When I take Ozzy out in the morning/evening to potty (we're working on getting the doggy door to where he can use it - it's too high for him right now), he doesn't want to move. He just kinda sits there. 

After about 20 minutes, when we've made it about 10 feet, he prances back home, no problem. It's going 'into the unknown' that he doesn't seem to like. 

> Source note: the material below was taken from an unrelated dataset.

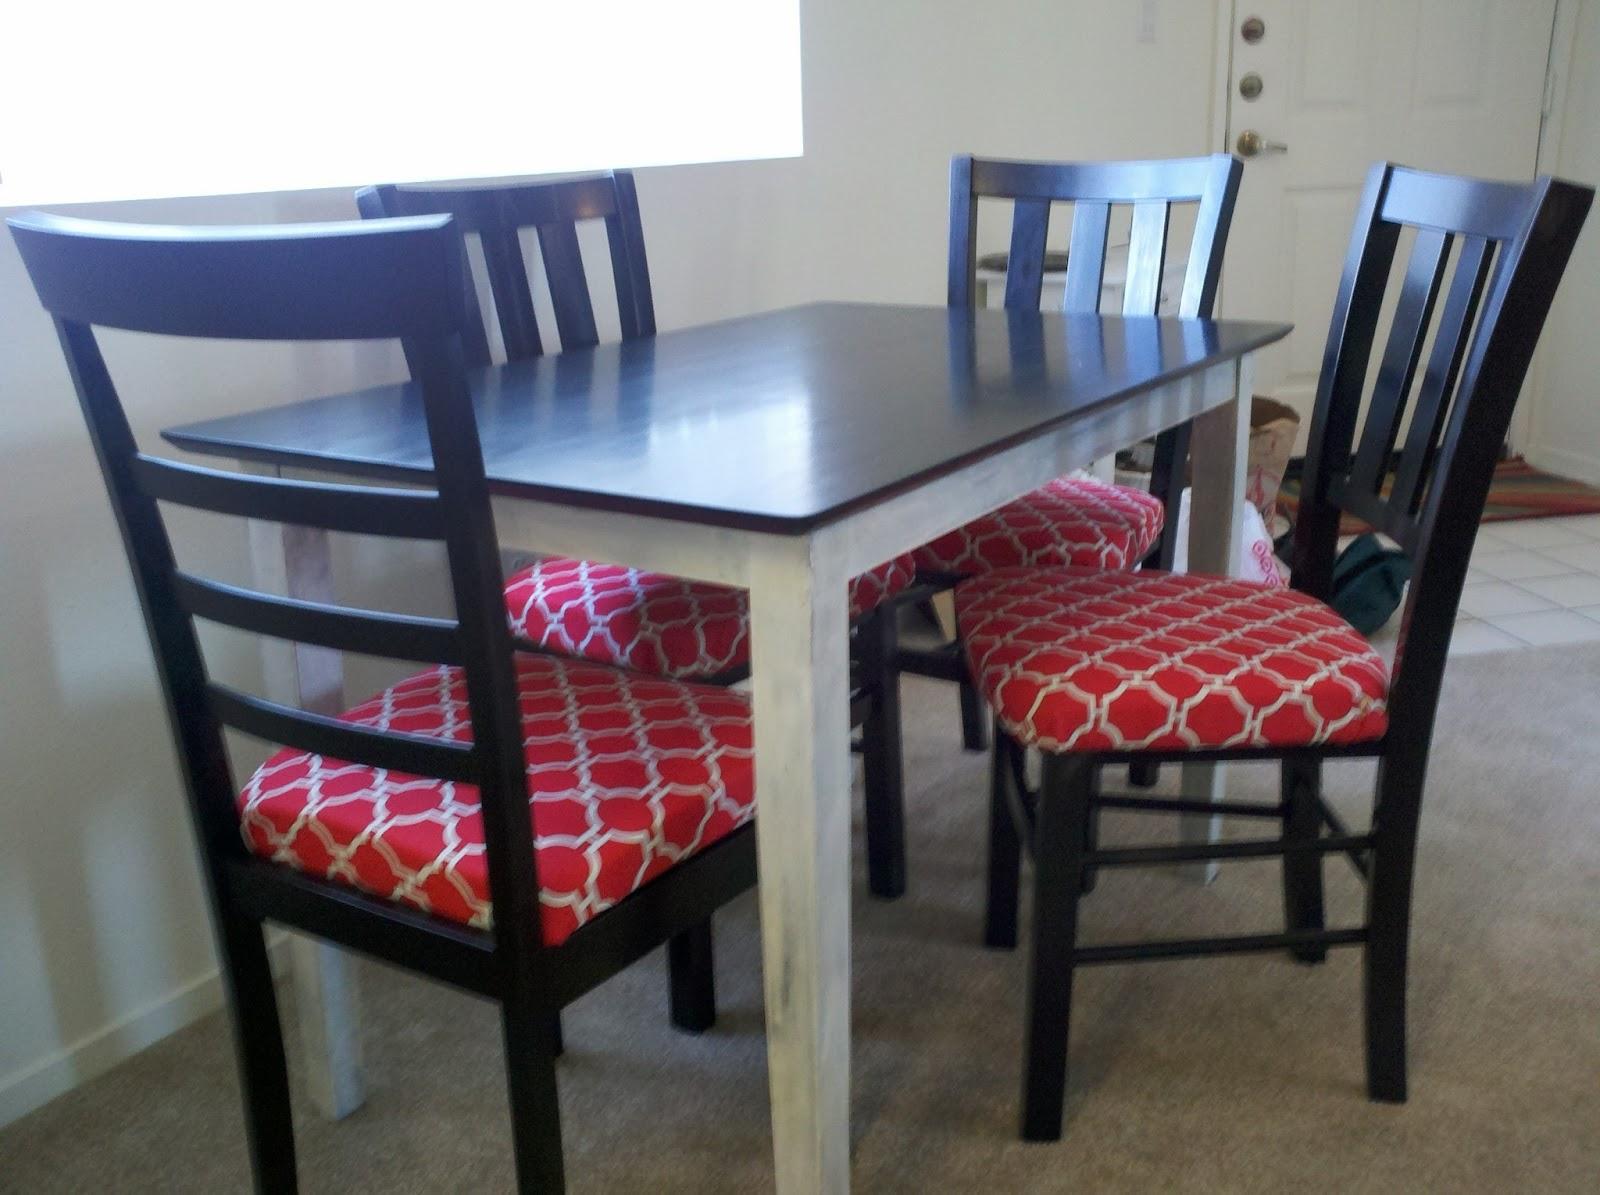 Dining room chair cushions Dining room furniture chair cushions CVLVYEK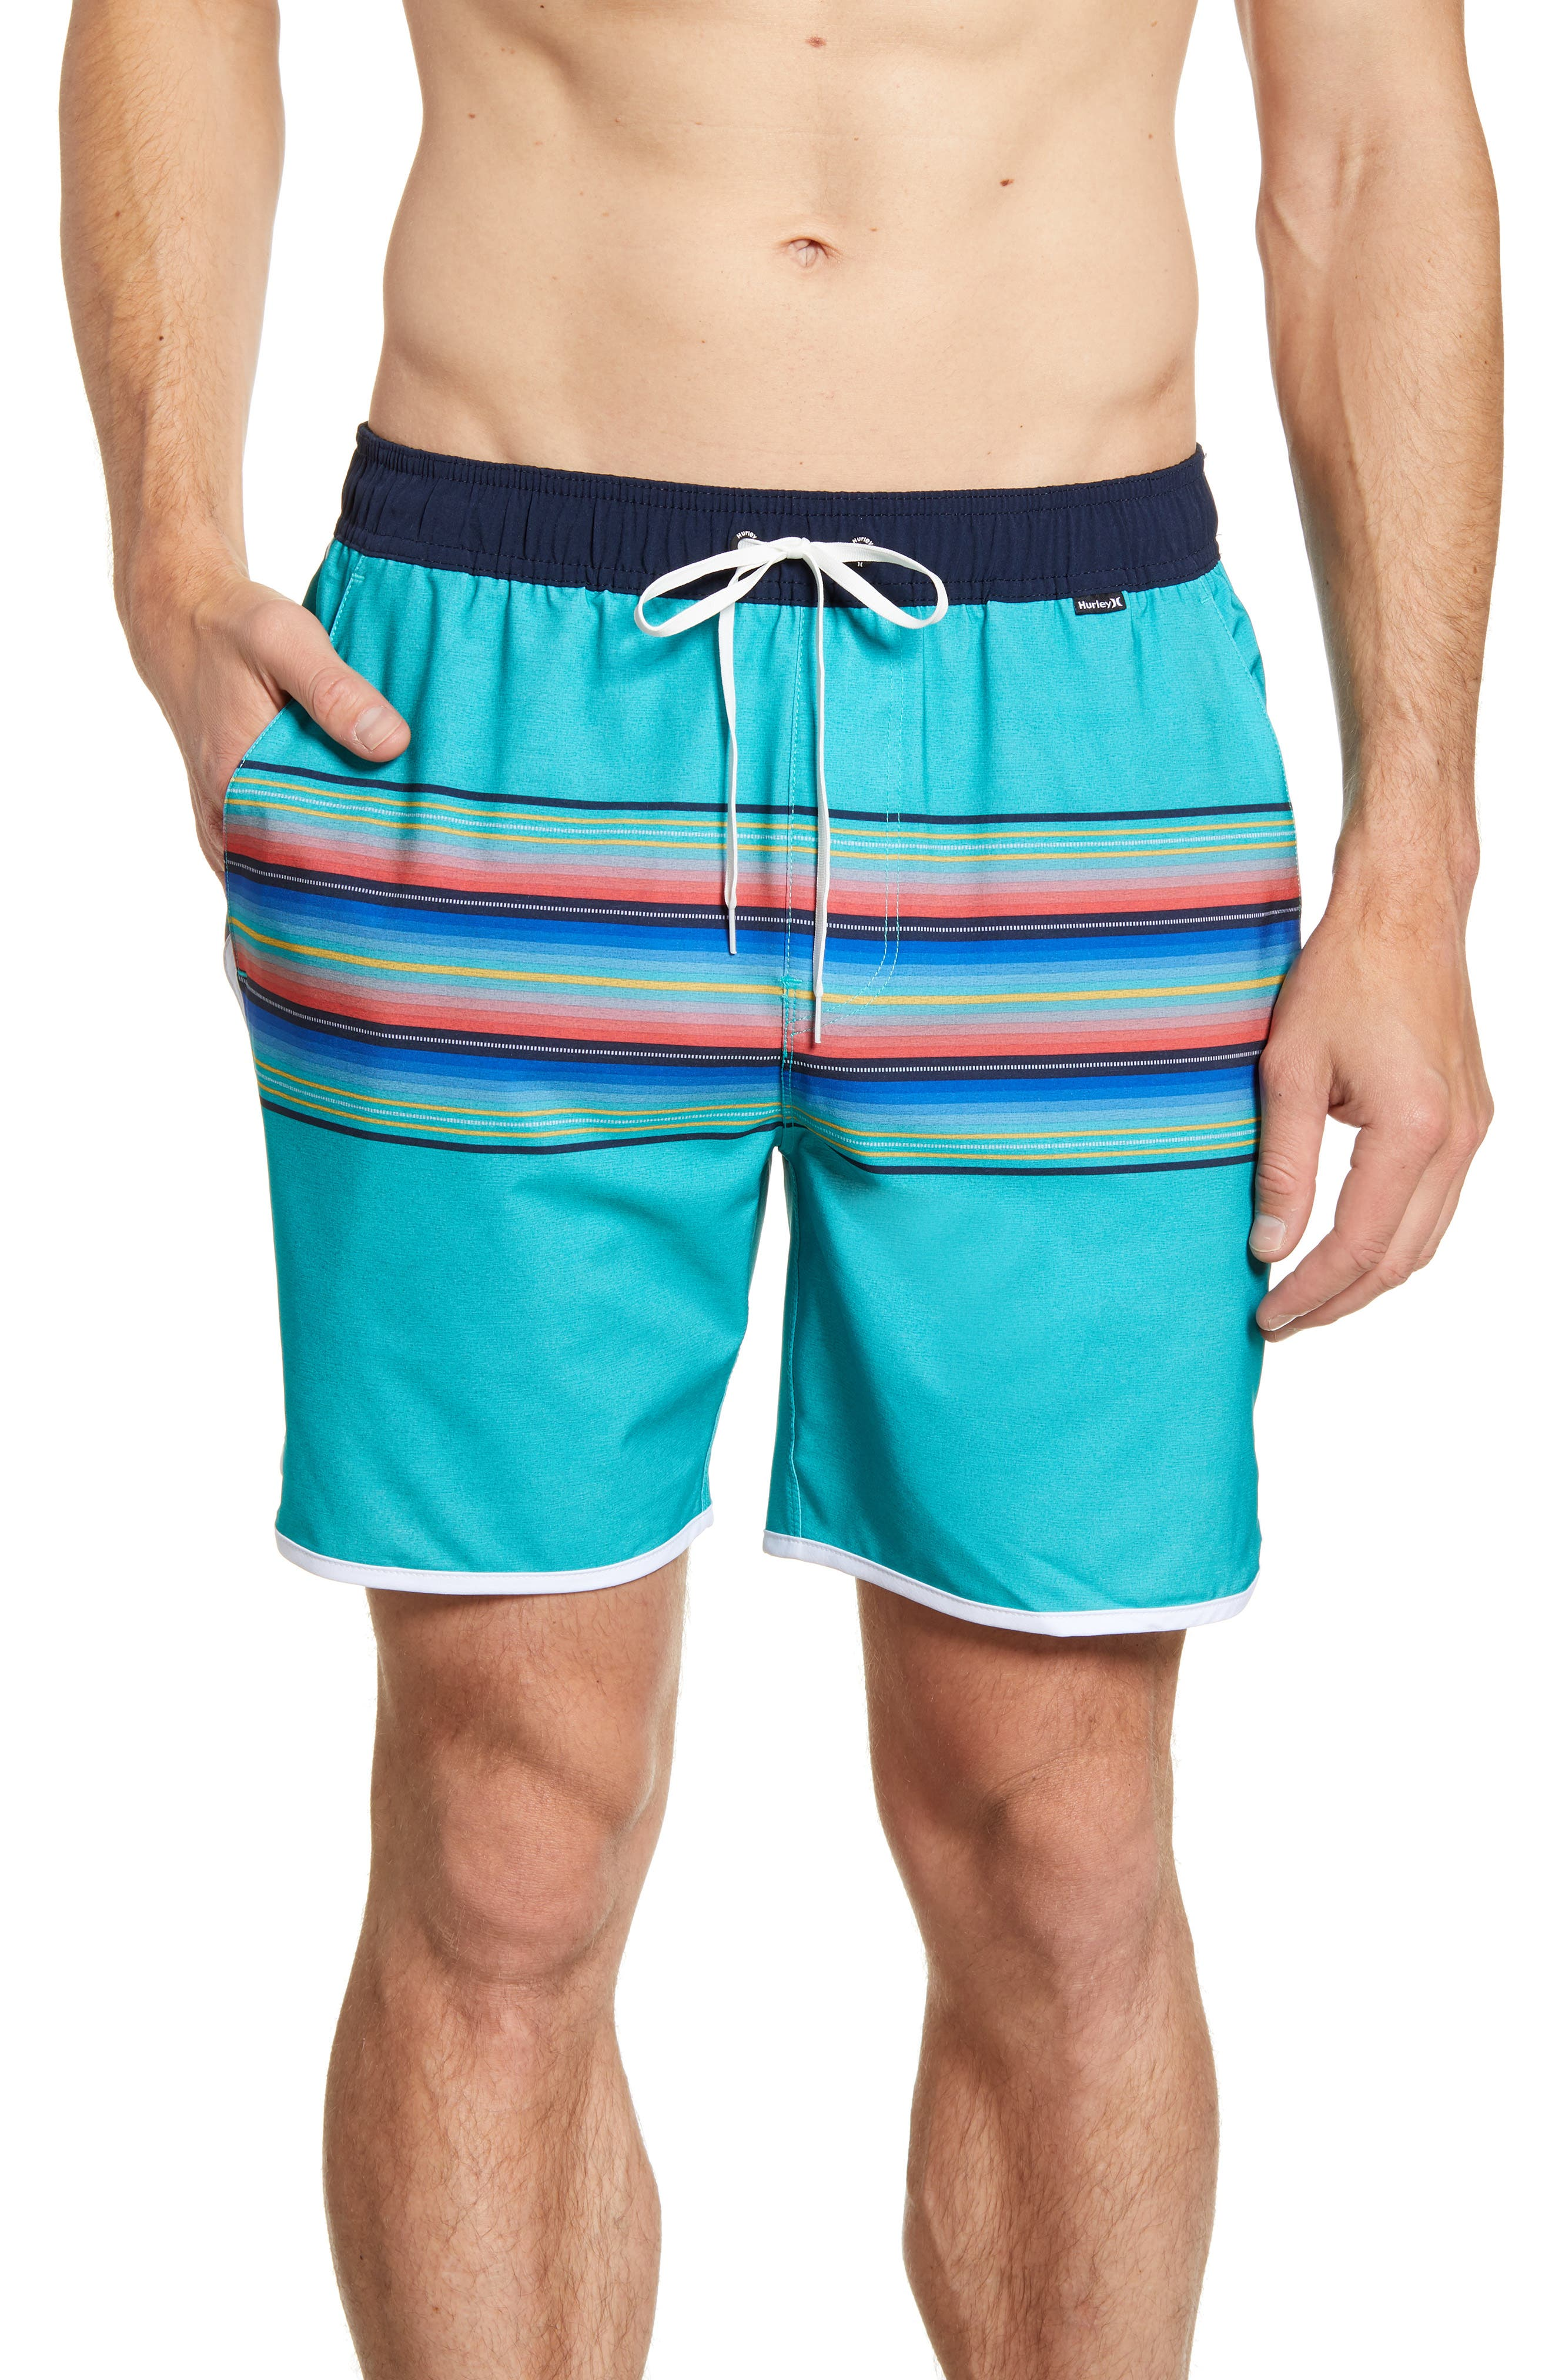 Hurley Phantom Baja Malibu Volley Swim Trunks, Blue/green

How do I get him to enjoy walking on his leash? I don't wanna drag him, given that he's got a small, fragile neck. Do I use treats and have him follow them, and reward him for walking? Help. D:


----------



## LaRen616 (Mar 4, 2010)

Konotashi said:


> When I take Ozzy out in the morning/evening to potty (we're working on getting the doggy door to where he can use it - it's too high for him right now), he doesn't want to move. He just kinda sits there.
> 
> After about 20 minutes, when we've made it about 10 feet, he prances back home, no problem. It's going 'into the unknown' that he doesn't seem to like.
> 
> How do I get him to enjoy walking on his leash? *I don't wanna drag him, given that he's got a small, fragile neck.* Do I use treats and have him follow them, and reward him for walking? Help. D:


Maybe lure him out with treats?

I have heard that small dogs should not be walked with a leash around their neck because of how fragile they are, they should be walked with harnesses. My friend walks her 2 Min Pin's with harnesses and my other friend walks her 2 Pom's with harnesses.​


----------



## Stosh (Jun 26, 2010)

Have you tried running the other direction and calling him with your happiest voice? He'd probably want to run to be near you than sit by himself.


----------



## Konotashi (Jan 11, 2010)

I got him going with a little bit of chicken.  

It's weird; when we head away from the house, he doesn't wanna move. But when we head toward the house (even on a street he hadn't been on), he trots next to me the whole time, no problem. Like he knows we're going home.


----------



## VChurch (Jun 14, 2010)

Minna was doing the same thing! Even when we'd be out somewhere and were just heading back to the car. She's gotten better with more work though -- I've gotten to where I try to trick her when we're heading home, I'll turn down a different street instead of our own. I was a little nervous yesterday when I took her for a hike through a preserve, she was off-leash and when we turned around to head back to the car I thought she was just going to run the entire way. Which she did mostly trot in front of us, but she was very responsive when I called her name and told her to wait.


----------



## Konotashi (Jan 11, 2010)

He's walking (almost) like a champ now.  Whenever he stops or slows down it's because he's distracted with something. In which case, I give all the lead and keep walking to make it seem like I'm leaving him and he eagerly follows me. 

He got to meet some kids today, and they pet him. He was a little shy at first, but warmed up really fast. A good first-time experience with them.  I learned that he doesn't like skateboards, though. 

Another thing I'm having issues with, now that I have him walking; he keeps darting in front of me! How can I keep him on ONE side of me? I'm so afraid I'm going to step on him. He goes back and forth like, every third step. I hold out the leash to keep him on one side - is that alright?


----------